*WHAT THIS TASK INVOLVES*. Set down all of the data that follows word for word, without the images.

*INFORMATION SUPPLIED*.
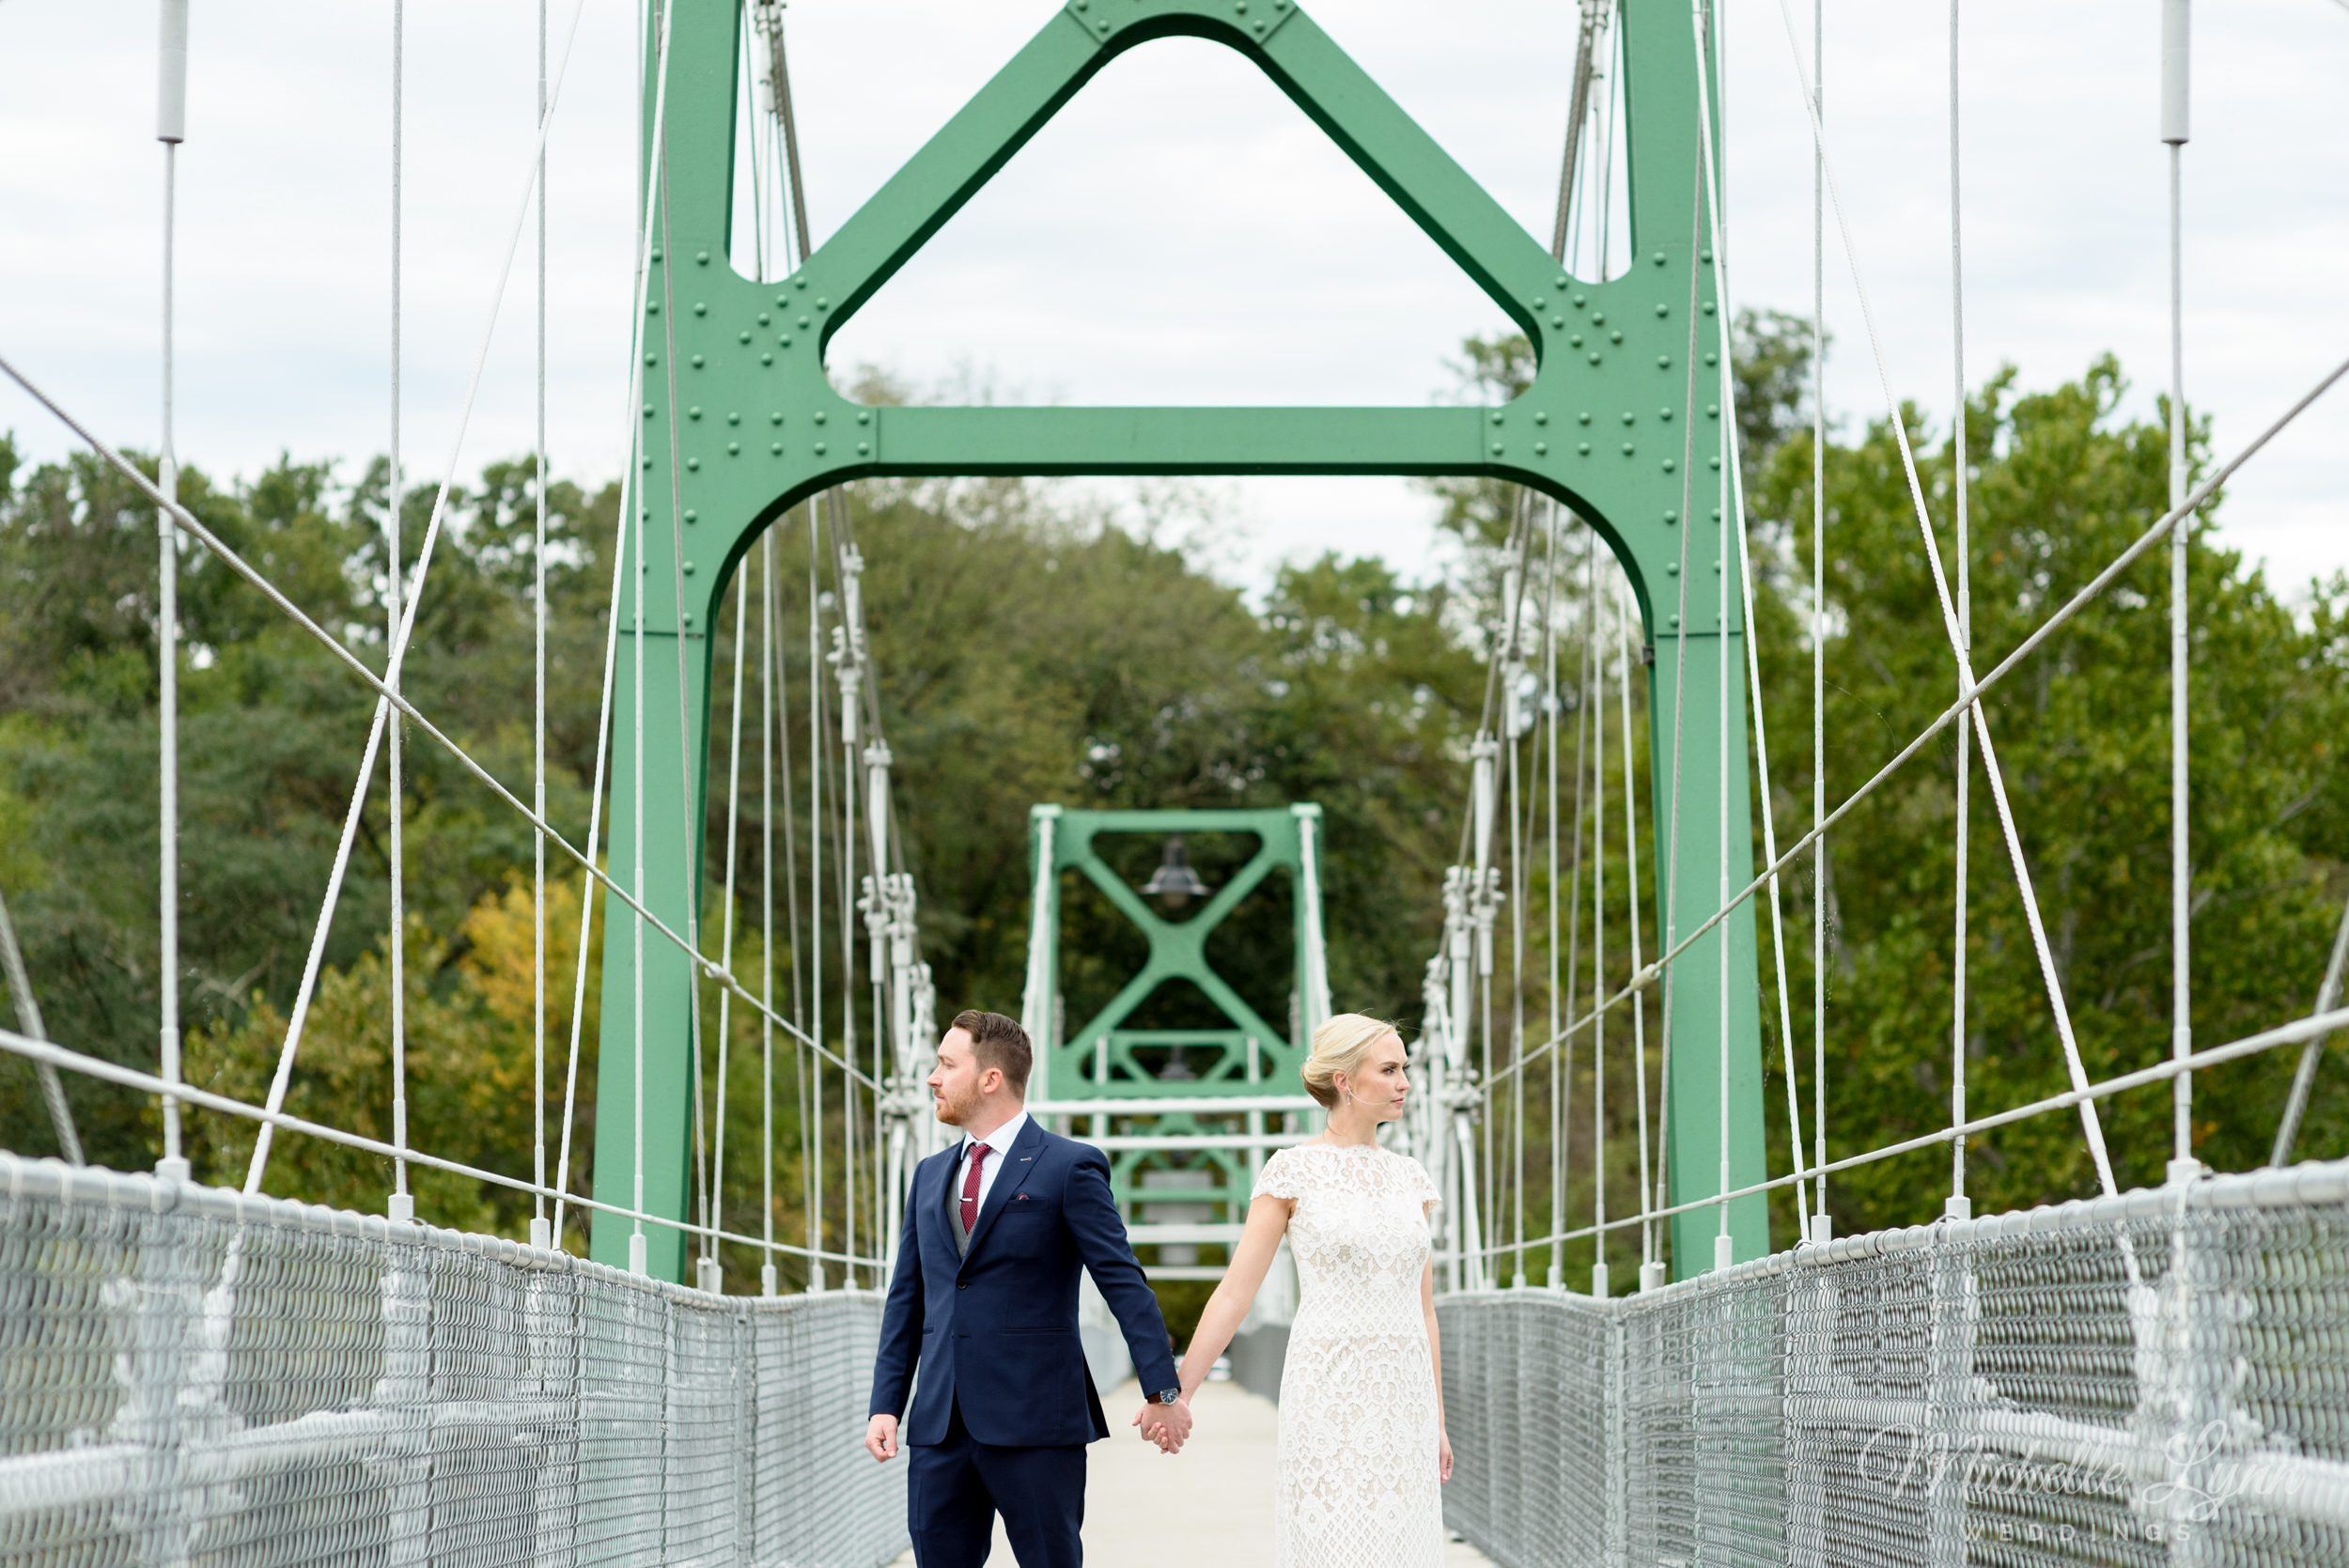 mlw-lumberville-general-store-new-hope-wedding-photographer-17.jpg
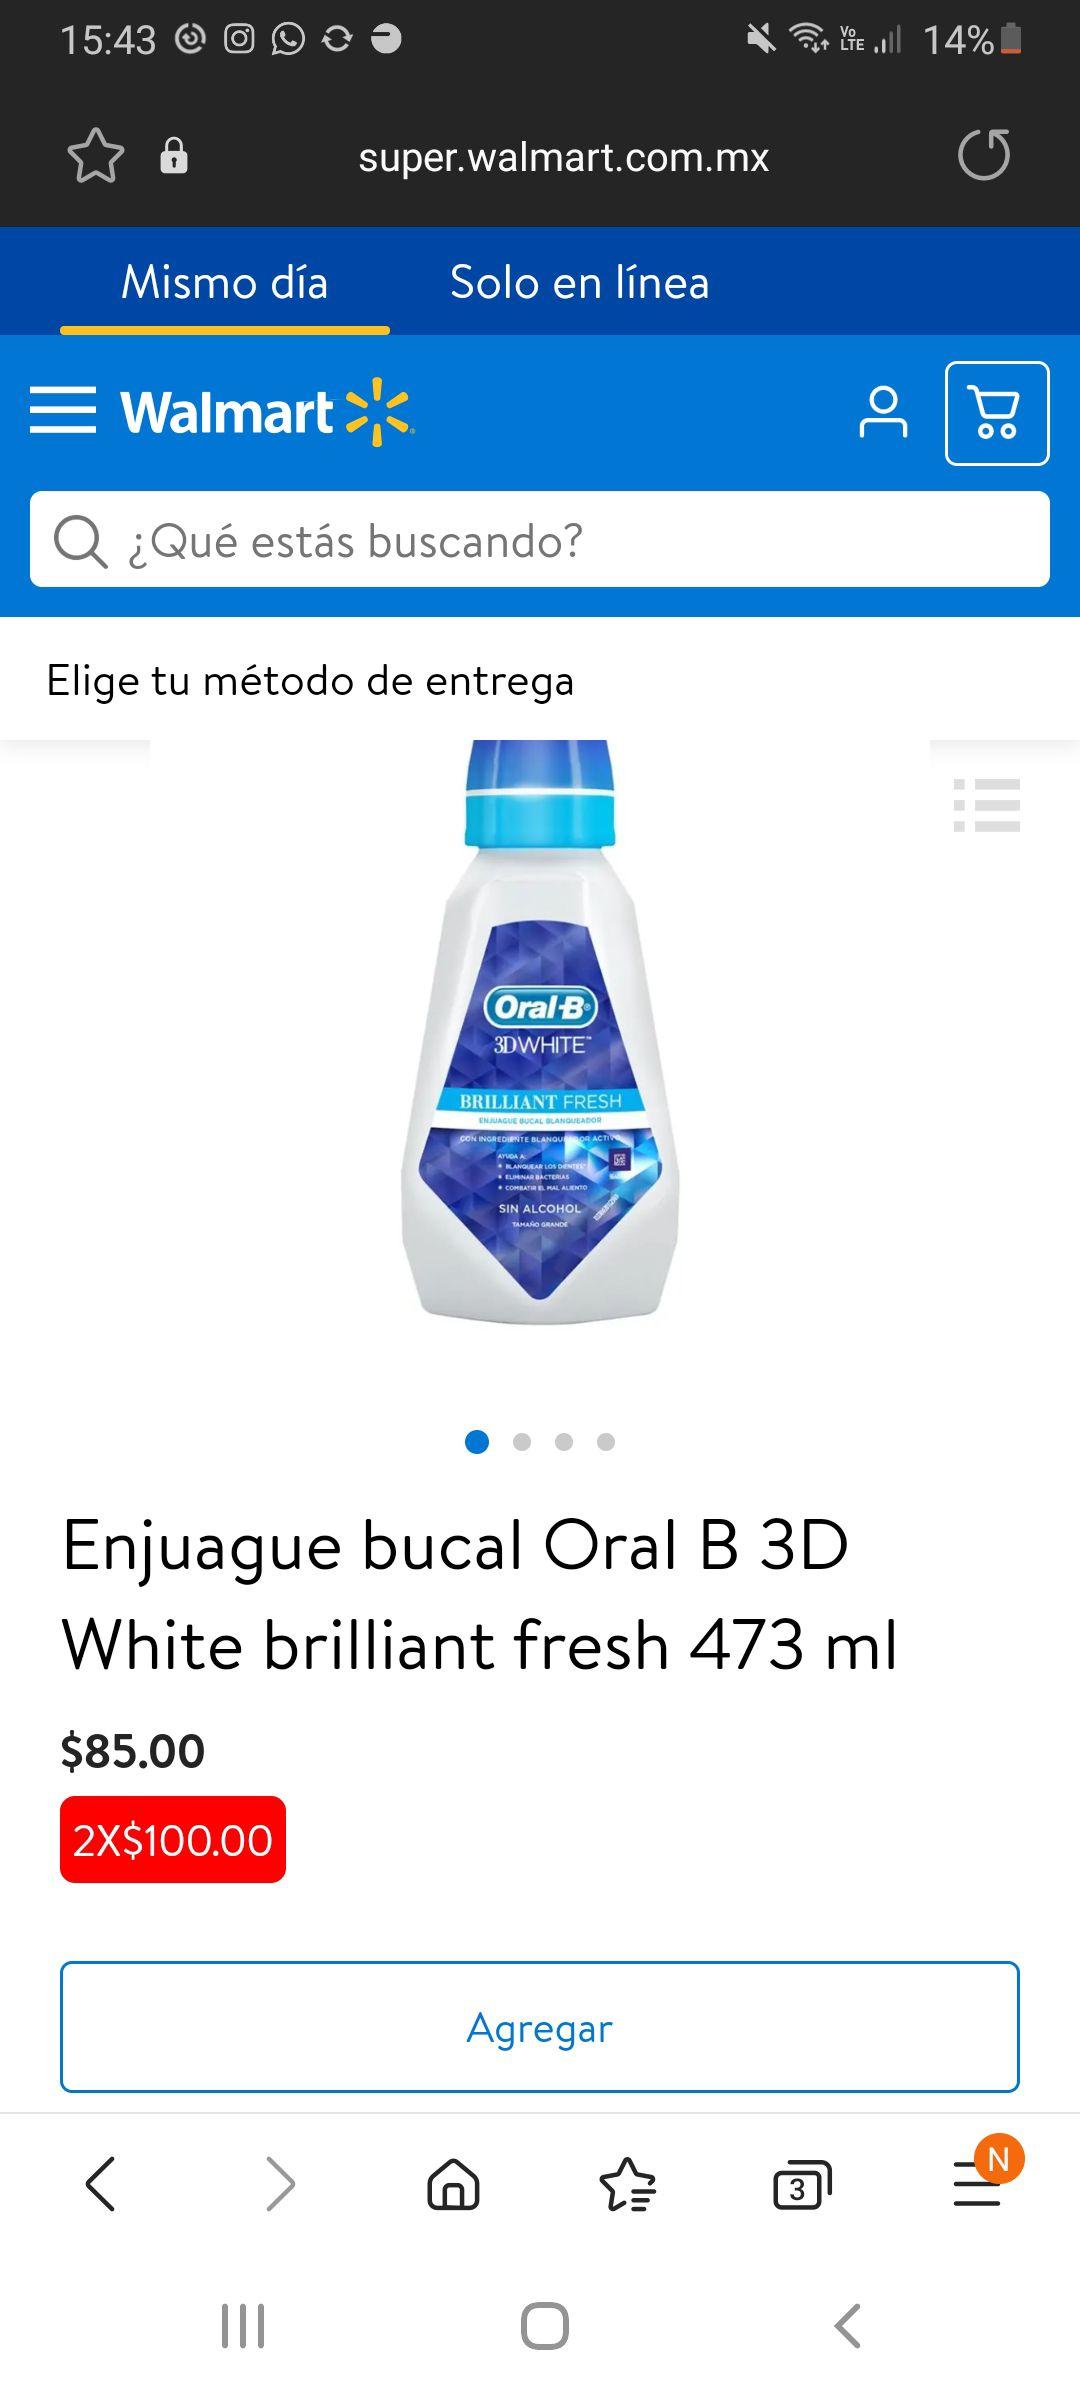 2 Enjuague bucal Oral B 3D White brilliant fresh por $100
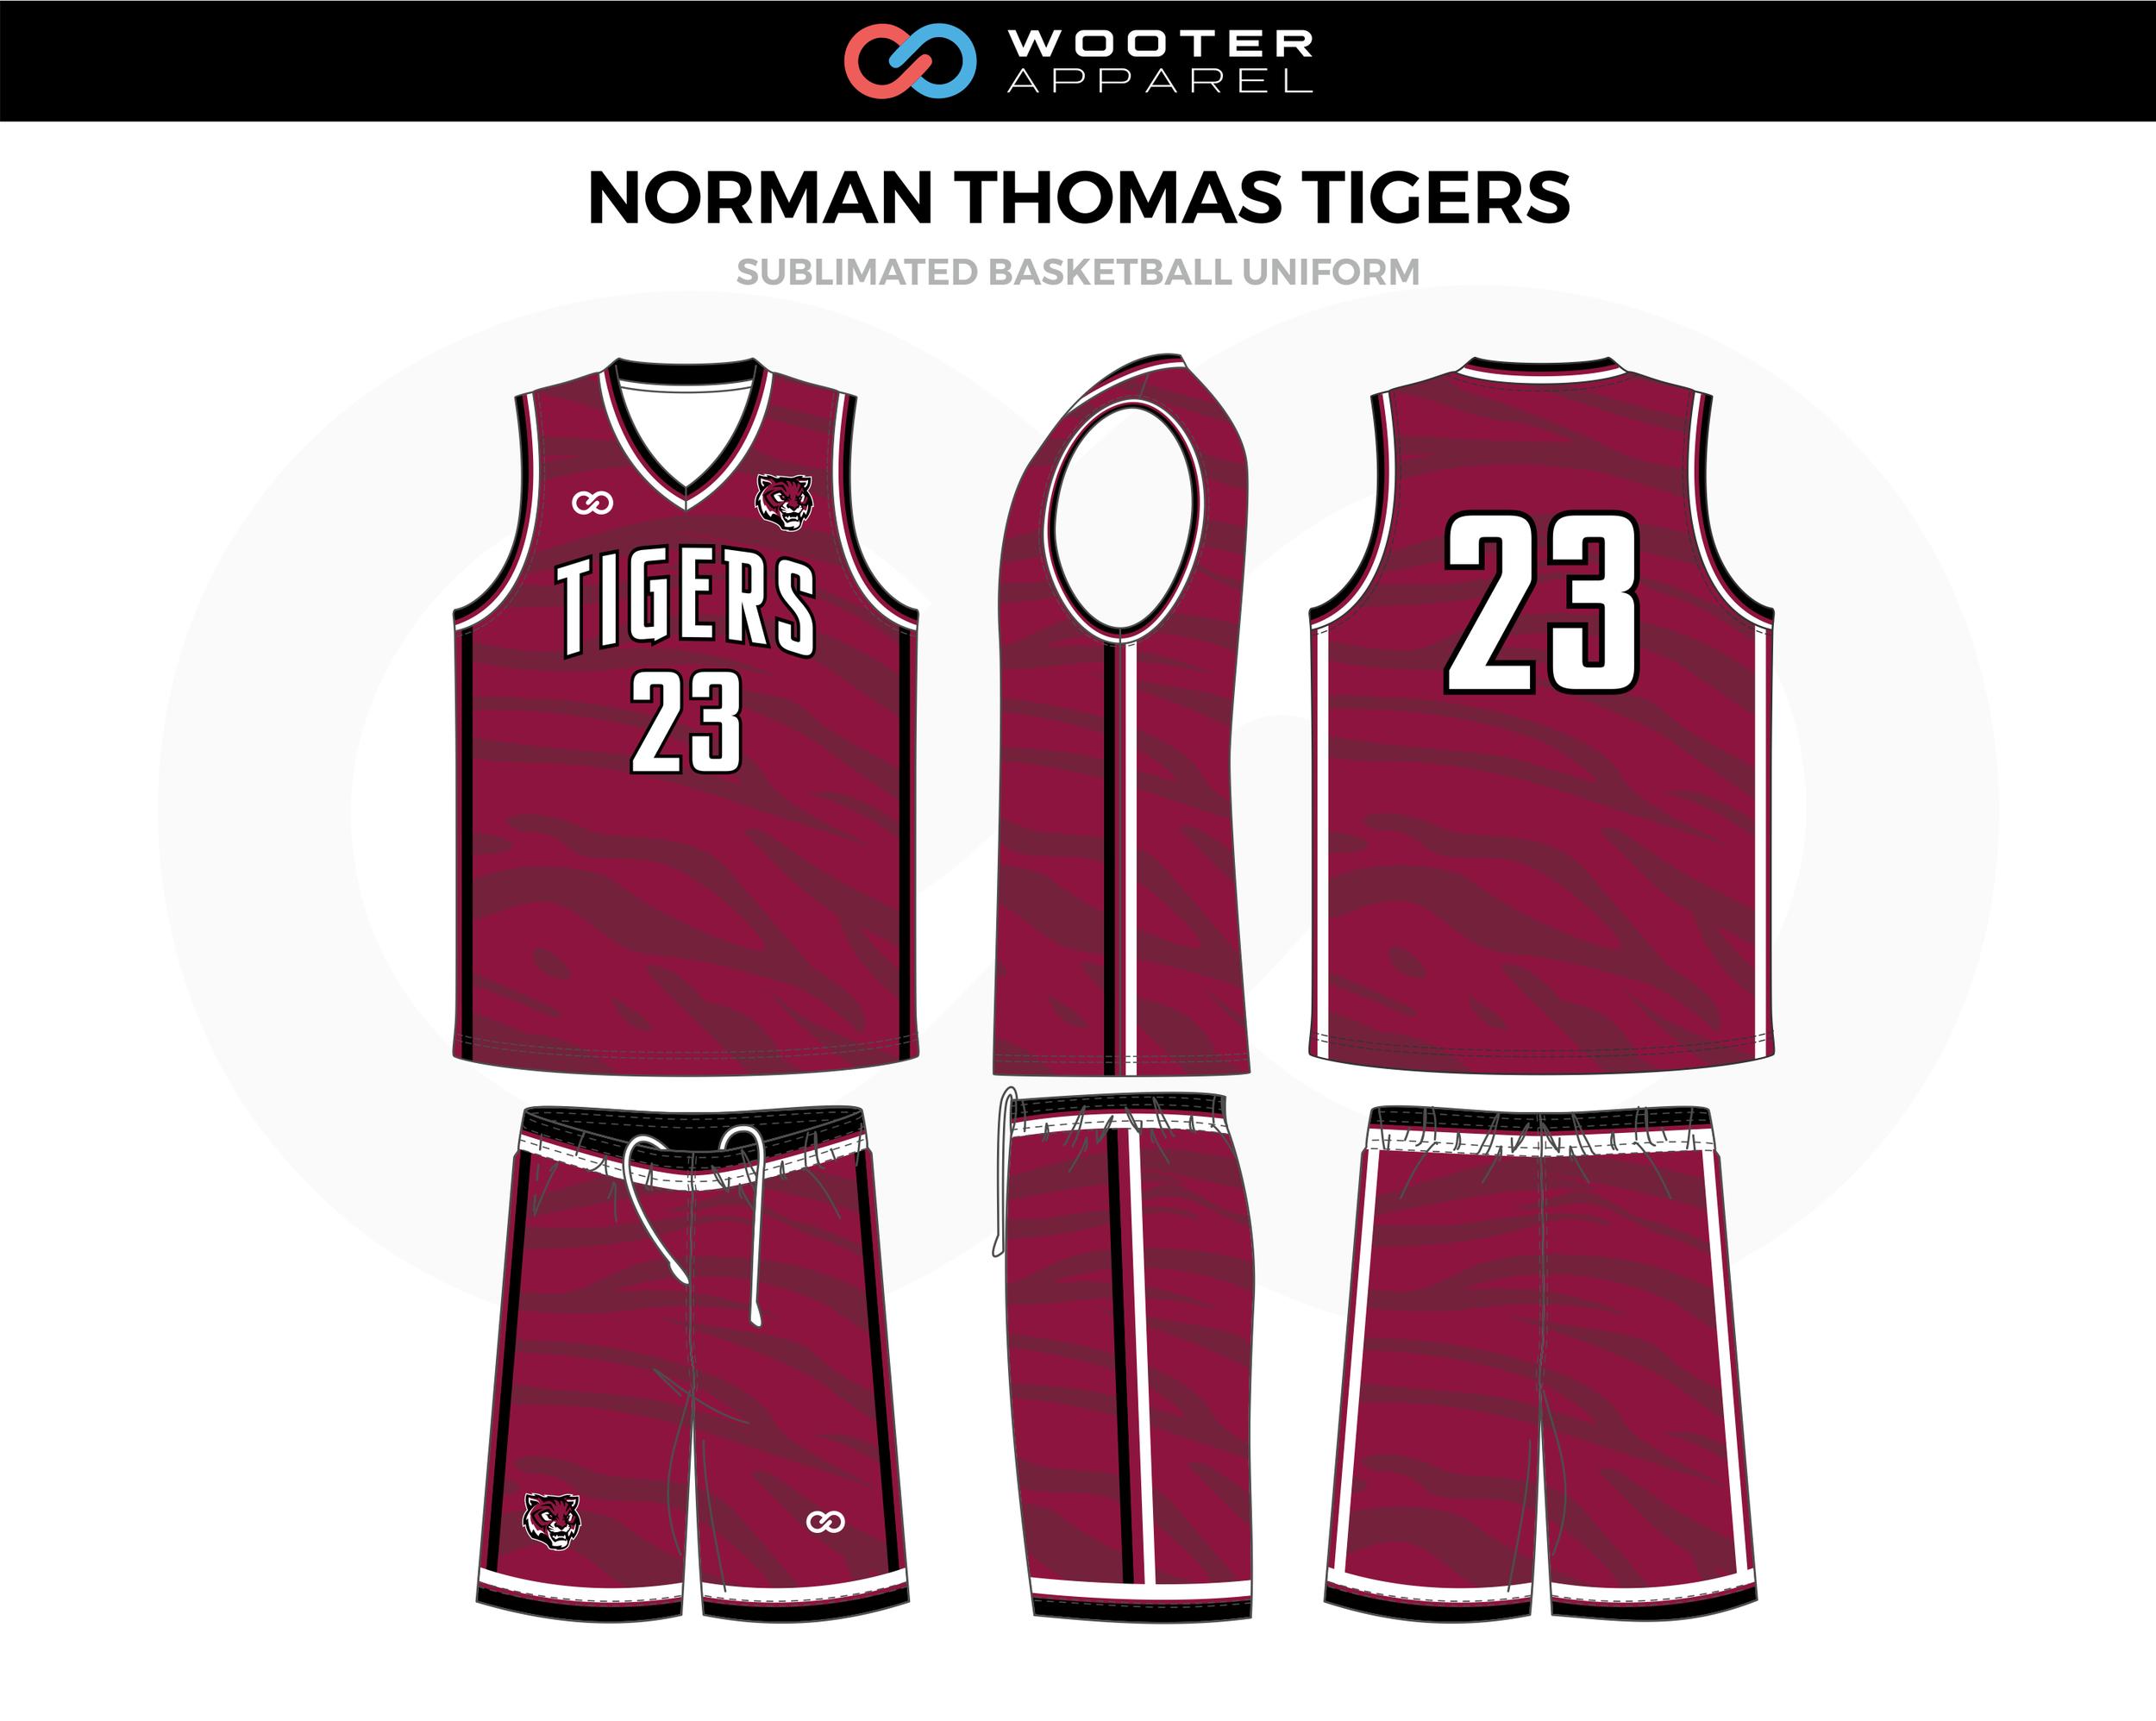 NORMAN THOMAS TIGERS Fuchsia Black White Basketball Uniform, Jersey and Shorts

*SOLVED PROBLEM*.
 mlw-lumberville-general-store-new-hope-wedding-photographer-17.jpg
 2 Enjuague bucal Oral B 3D White brilliant fresh por $100
 NORMAN THOMAS TIGERS Fuchsia Black White Basketball Uniform, Jersey and Shorts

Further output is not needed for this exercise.